The late Middle Ages and the modern period have left us works by great painters that are particularly remarkable for their range of reds. Let us mention Van Eyck, Uccello, Carpaccio, Raphael, and later, Rubens and Georges de La Tour. But all artists seemed to love this color and tried to draw various tonalities from it. Accordingly they chose their pigments, taking into account not only their physicochemical properties, their ability to cover or make opaque, their resistance to light, and how easily they could be worked or combined with other pigments but also their price, availability, and—what is most disconcerting to us—the name they went by. Indeed we can observe in the laboratory that in panel paintings from the late Middle Ages, symbolically “negative” reds—those coloring the fires of hell, the face of the Devil, the coat or feathers of infernal creatures, and all impure blood of one kind or another—were often painted with the same pigment: sandarac, a resin lacquer more commonly called “cinnabar of the Indies” or “dragon’s blood.” Various legends circulated in workshops regarding this pigment, a relatively expensive one because it had to be imported from far away. It was believed to come not from a plant resin but from the blood of a dragon, gored by its mortal enemy, the elephant. According to medieval bestiaries, which followed Pliny and the ancient authors here, the inside of the dragon’s body was filled with blood and fire; after a fierce struggle, when the elephant had punctured the dragon’s belly with its tusks, out flowed a thick, foul, red liquid, from which was made a pigment used to paint all the shades of red considered evil. Legend won out over knowledge in this case, and painters’ choices gave priority to the symbolism of the name over the chemical properties of the pigment.
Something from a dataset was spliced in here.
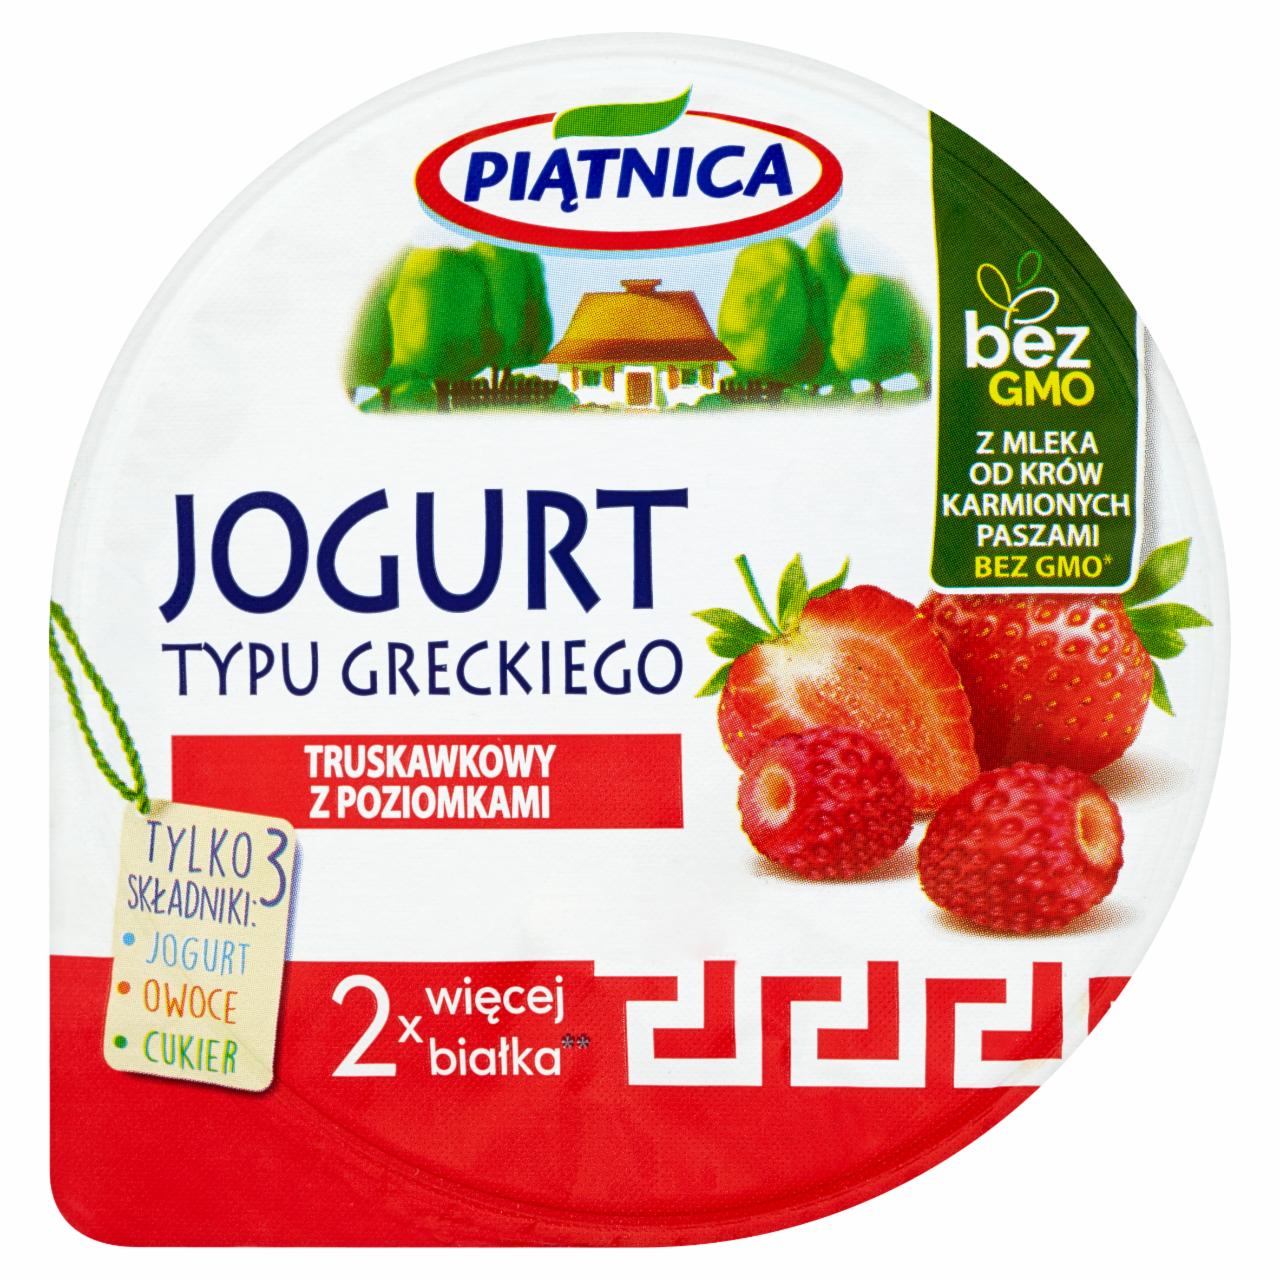 Zdjęcia - Piątnica Jogurt typu greckiego truskawkowy z poziomkami 150 g

Unlike the dyers, the painters of the modern period hardly profited at all from the discovery of the New World or the settling of Europeans in the Americas. No truly new colorants resulted from these events. But Mexican cochineal, transformed into lacquer, allowed them to perfect a subtle, delicate pigment in the range of reds, superior to earlier lacquers from brazilwood or kermes for fixing a glaze over vermilion. Beginning in the sixteenth century, vermilion experienced a steady rise in popularity and its production became something of an industry, first in Venice, the European capital of color, and then in the Netherlands and Germany. It was sold in apothecaries, hardware shops, and paint stores, and even though it was more expensive and less stable than minium, it eventually contributed to that pigment’s decline.